Стоя у машины, она просунула голову внутрь и поцеловала его в губы. Он хорошо целовался – крепко, но не так жадно, как Джерри. Слезы у Руфи высохли, голова стала яснее.
– Ты действительно славный, – сказала она Ричарду и, поддавшись своей излишней любви к правде, добавила:
– Как ни странно.
– Ну и ну, – сказал он. – Спасибо. Так вот: я в твоем распоряжении. Позвони, когда у тебя в следующий раз произойдет авария.

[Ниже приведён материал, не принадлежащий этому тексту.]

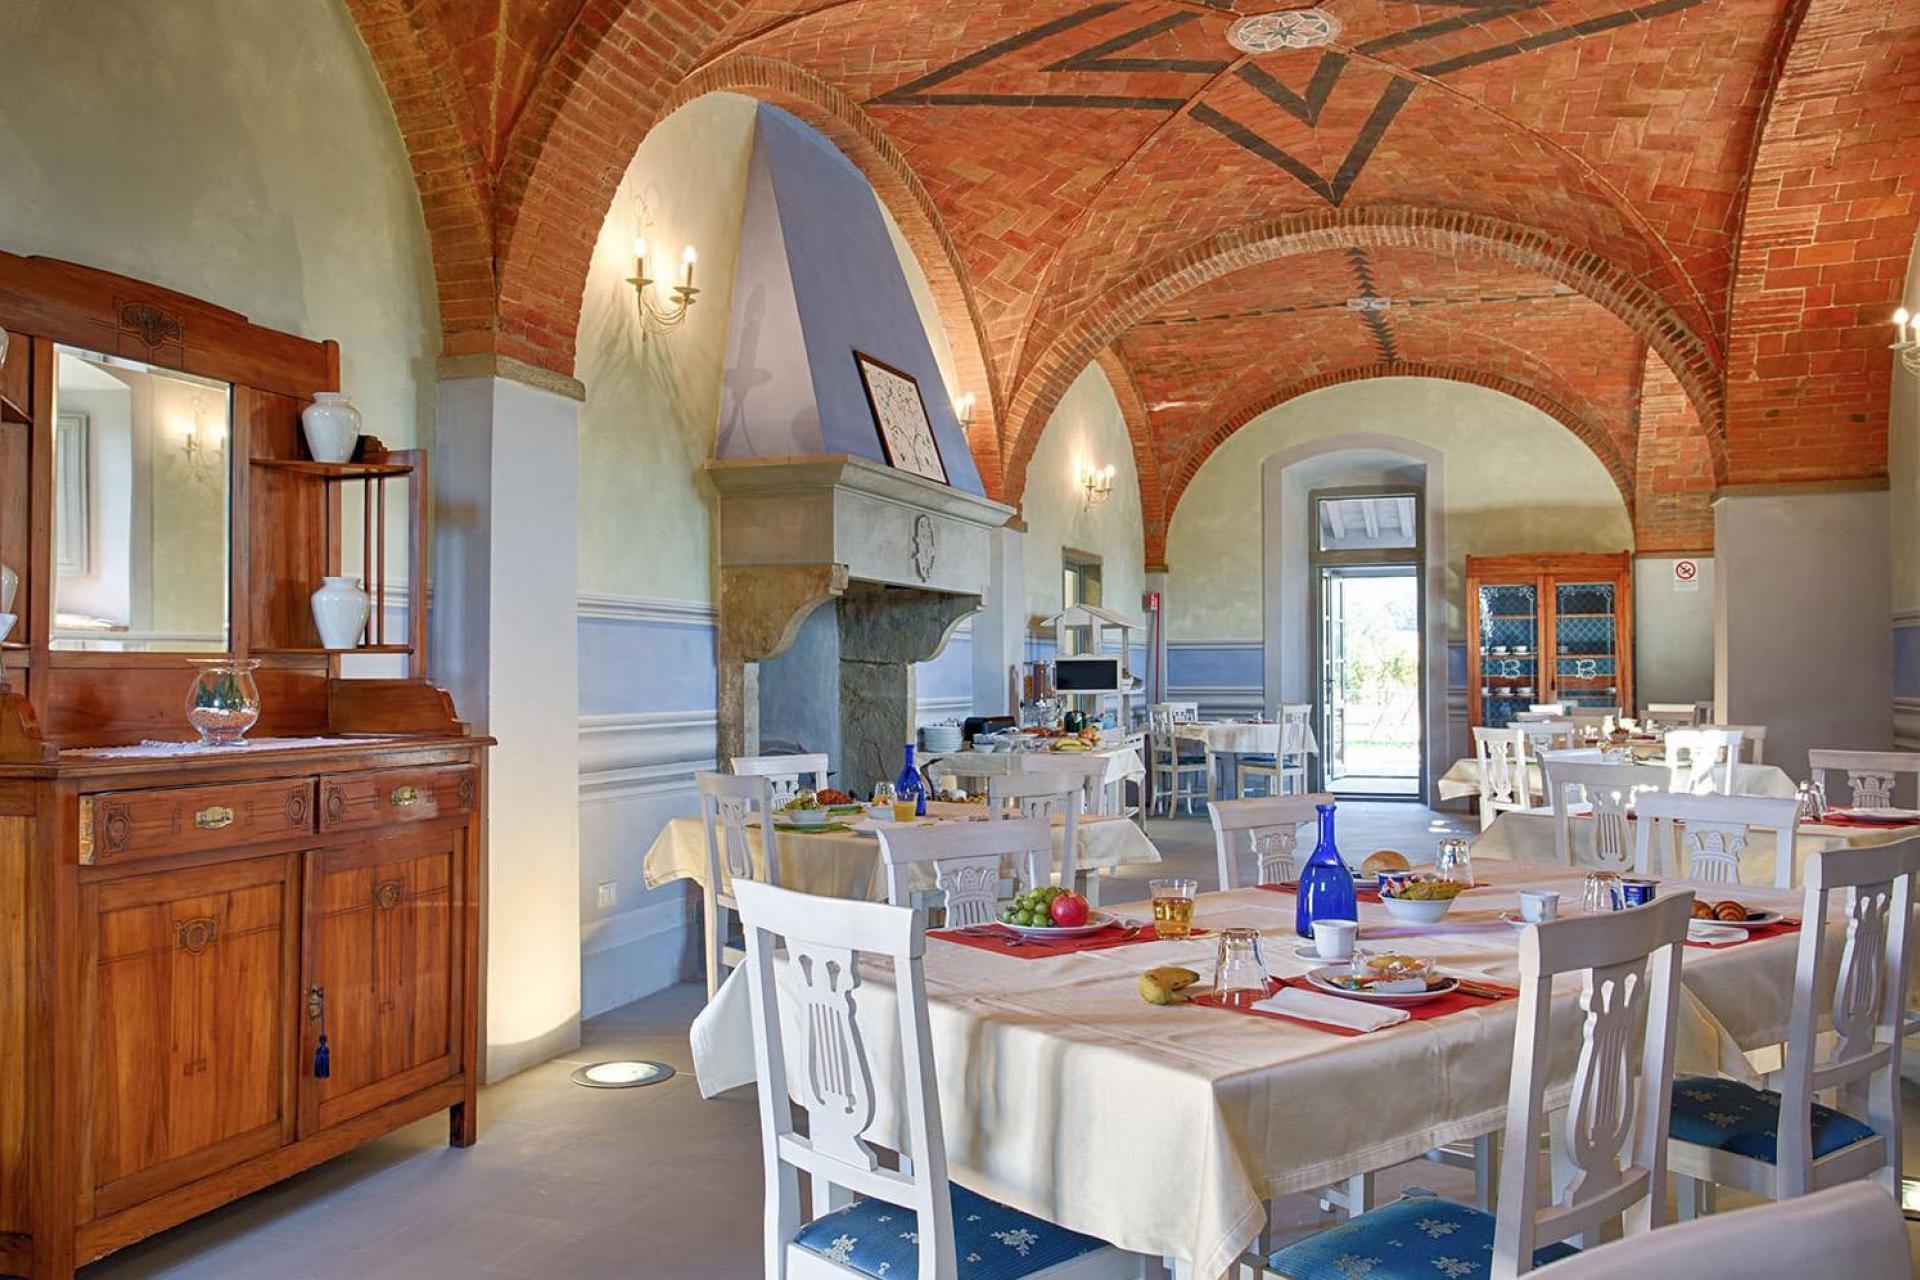 Agriturismo Toscane Leuke agriturismo met gezellig restaurant op loopafstand

– Ты узнаешь первым, – сказала она ему.
Номер освободился: она поймала Джерри на работе и рассказала ему об аварии, в легких тонах обрисовав случившееся. Он вернулся домой на полчаса раньше обычного: ему хотелось до ужина посмотреть на то, что осталось от автомобиля. Он повез ее по Садовой дороге; камни на обочине, навесы над дверьми, лужайки, дети, деревья мелькали и сливались от скорости, и Руфь взмолилась:
– Не надо так гнать.
– Я делаю всего тридцать миль.
– А кажется, что быстрее.
– Хочешь сама сесть за руль?
– Нет, спасибо.
– Я спросил вообще. Как ты считаешь, ты не потеряла уверенности в себе?
– Не думаю. И все же мне как-то дико снова сидеть в машине.
– Каким образом ты добралась от полицейского участка до дома?
– Полисмен подвез.
– А как насчет доктора? У тебя внутри все в порядке? Тебя сильно болтало?
– Я съехала как-то очень гладко и легко. Только от испуга не нажала на тормоз. Мне это в голову не пришло.
– А куда ты вообще ехала?
Она описала свое смятение, панику, как у него был бесконечно занят телефон, как она искала женщин, которые могли бы посидеть с детьми, как проехала мимо дороги к Салли и как в испуге повернула назад. Ричарда она опустила. Она снова принялась рассказывать – в строгой последовательности, точно просматривая кадры киноленты: автомобиль занесло в одну сторону, потом в другую, стена, застывшие деревья, райская красота и интенсивная зелень мокрого леса, когда она вылезла из остановившейся, окутанной дымом машины. Она снова и снова прокручивала эту киноленту, и с каждым разом все гуще становились краски, а сейчас они призрачно слились с реальностью, словно она прокрутила ленту назад и начало соединилось с концом, когда они с Джерри подъехали к месту происшествия с другой стороны. Он остановил машину на обочине, вышел и направился через дорогу. Она сказала, что не хочет смотреть: посидит в машине. Он поднял брови, и она тотчас изменила решение. Он ждет от нее здравых поступков. Они вместе пересекли асфальт. Это следы ее шин? Трудно сказать – их так много. А вот здесь, где две прерванные колеи врезались в мягкую землю обочины и с полдюжины камней осыпалось со стены, – здесь она скатилась вниз. Со ствола гикори, довольно высоко, была содрана кора, а чуть подальше пригнулся к земле ободранный молоденький кленок. Машина налетела на него, попыталась взобраться и прижала к земле. Воспоминания Руфи о плавном спуске вниз никак не вязались с этими жестокими ранами. В роще и другие деревья были ободраны, а колеи от колес выглядели следами гигантских пальцев, соскребших с мягкой почвы палую листву и молодой папоротник. Джерри был поражен тем, что машина проехала такой большой кусок между деревьями и остановилась сама собой, не выдержав сражения с грязью и лесной порослью.